FMI alerta que IA pode elevar produtividade europeia em 1%, mas exige cautela com desigualdades e dependência
A inteligência artificial (IA) surge como uma força transformadora com potencial para impulsionar significativamente a produtividade na Europa. No entanto, o Fundo Monetário Internacional (FMI) emitiu um alerta importante: os benefícios da IA podem vir acompanhados de desafios consideráveis, a menos que haja um aprofundamento na integração econômica do bloco.
Um documento recente do FMI, preparado para uma reunião informal de ministros das Finanças da União Europeia, detalha que a tecnologia pode aumentar a produtividade europeia em aproximadamente 1% ao longo de cinco anos. Contudo, essa expansão não está isenta de riscos, incluindo o potencial de ampliar a desigualdade, sobrecarregar as redes de energia e aumentar a dependência de tecnologias desenvolvidas fora do continente.
Para que os ganhos da IA sejam distribuídos de forma equitativa entre os 27 países membros e seus cidadãos, o FMI sugere que a conclusão do mercado único da UE é fundamental.

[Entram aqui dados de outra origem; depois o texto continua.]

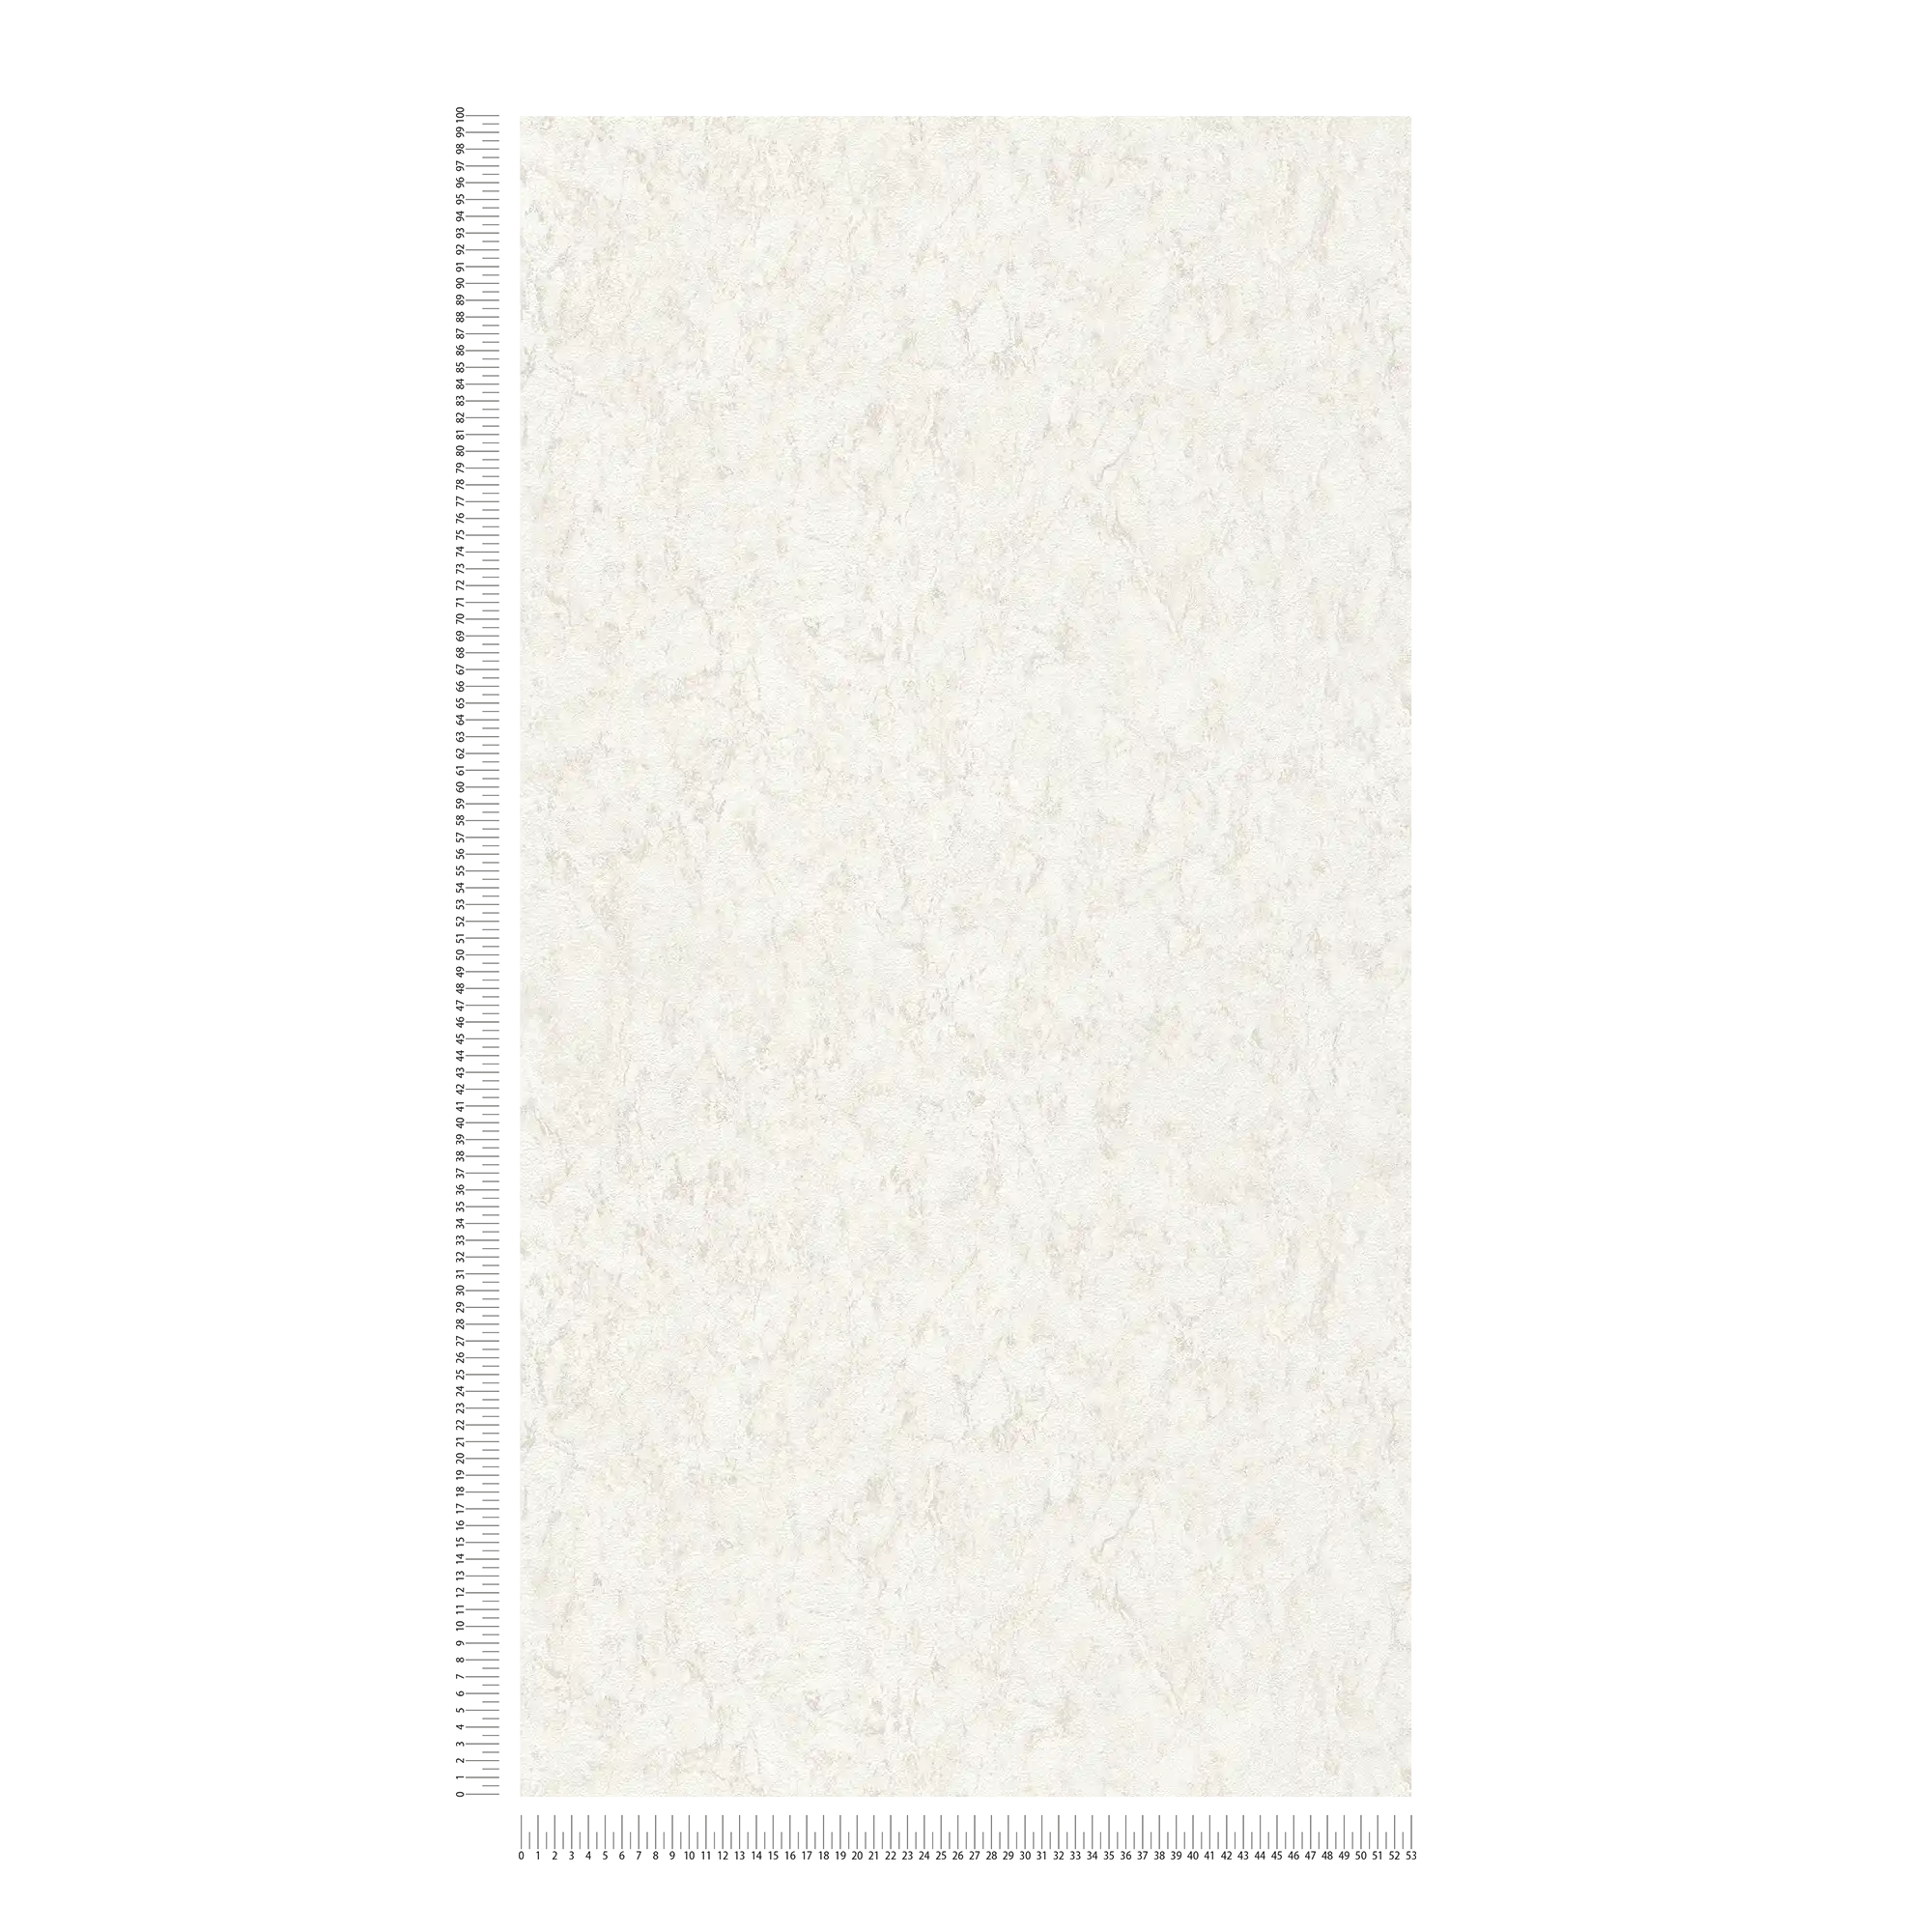             Carta da parati unitaria con effetto texture e disegno screziato - bianco, grigio

Essa medida ajudaria a disseminar a adoção da IA e seus benefícios de maneira mais uniforme, abordando preocupações já levantadas por figuras como o ex-presidente do Banco Central Europeu, Mario Draghi, e a própria Comissão Europeia sobre a fragmentação dos mercados europeus.
Impacto no Mercado de Trabalho e Desigualdade
O documento do FMI estima que cerca de 60% dos trabalhadores nas economias avançadas europeias atuam em ocupações com alta exposição à IA. Enquanto algumas funções podem se beneficiar de ferramentas de IA, tornando os trabalhadores mais produtivos, outras correm o risco de automação. Tarefas rotineiras são particularmente vulneráveis, e a IA pode substituir mão de obra em vez de complementá-la, exacerbando a desigualdade.

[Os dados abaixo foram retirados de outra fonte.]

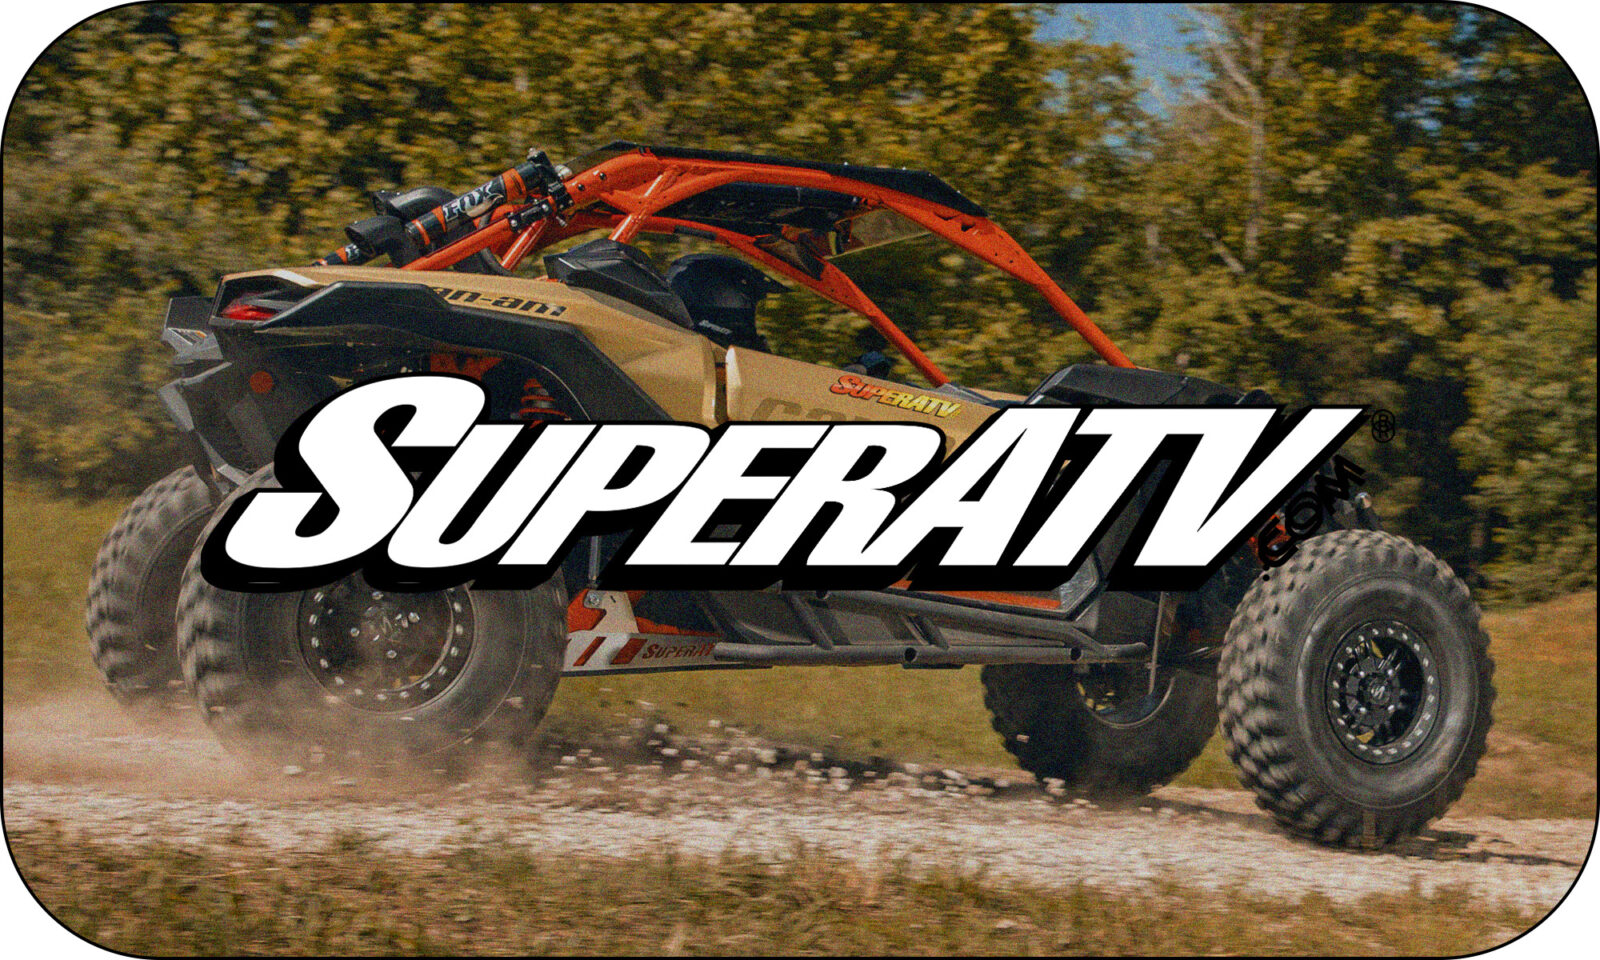 Super ATV logo over an ATV image

Desafios Energéticos e Infraestrutura
A expansão do uso da IA também traz consigo um aumento significativo na demanda por energia. Os centros de dados na Europa já consomem cerca de 3% da eletricidade do continente, e essa necessidade deve crescer exponencialmente. Grandes centros tecnológicos como Frankfurt, Londres, Amsterdã, Paris e Dublin já sentem a pressão sobre suas redes elétricas locais devido à concentração de data centers. Para mitigar esse problema, o FMI recomenda investimentos em infraestrutura de rede transfronteiriça e um maior aprofundamento da integração do mercado europeu de energia.

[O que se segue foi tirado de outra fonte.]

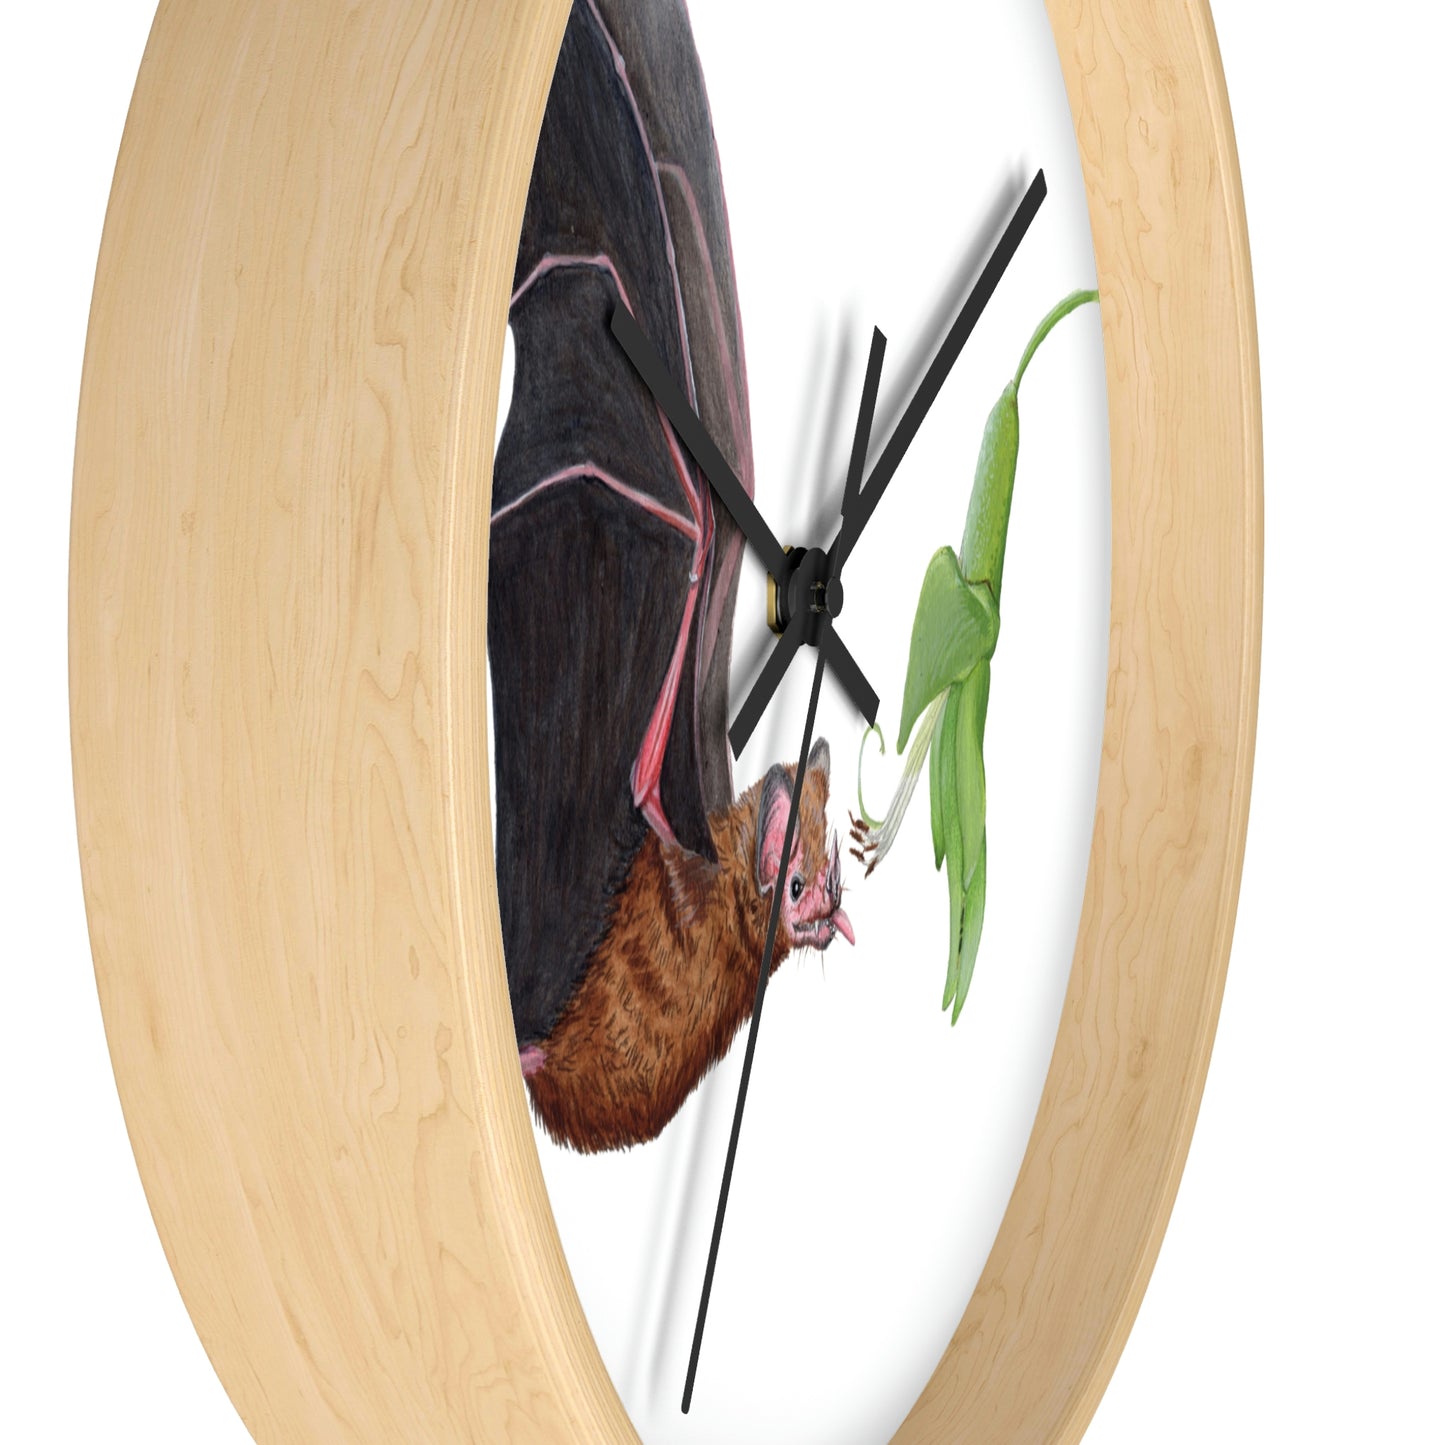 Commissaris's Long-tongued Bat Wall Clock

Dependência Tecnológica e Necessidade de Investimento
Outro alerta crucial do FMI diz respeito à possibilidade de a Europa desenvolver uma nova dependência estratégica, dada a dominância de EUA e China no desenvolvimento de modelos de IA. Para evitar ficar para trás e dependente de tecnologia estrangeira, o bloco precisa de investimentos substanciais em seu próprio setor de IA. Os ganhos da IA, segundo o documento, provavelmente serão distribuídos de forma desigual, beneficiando desproporcionalmente as economias mais avançadas, que estão mais preparadas e expostas à tecnologia.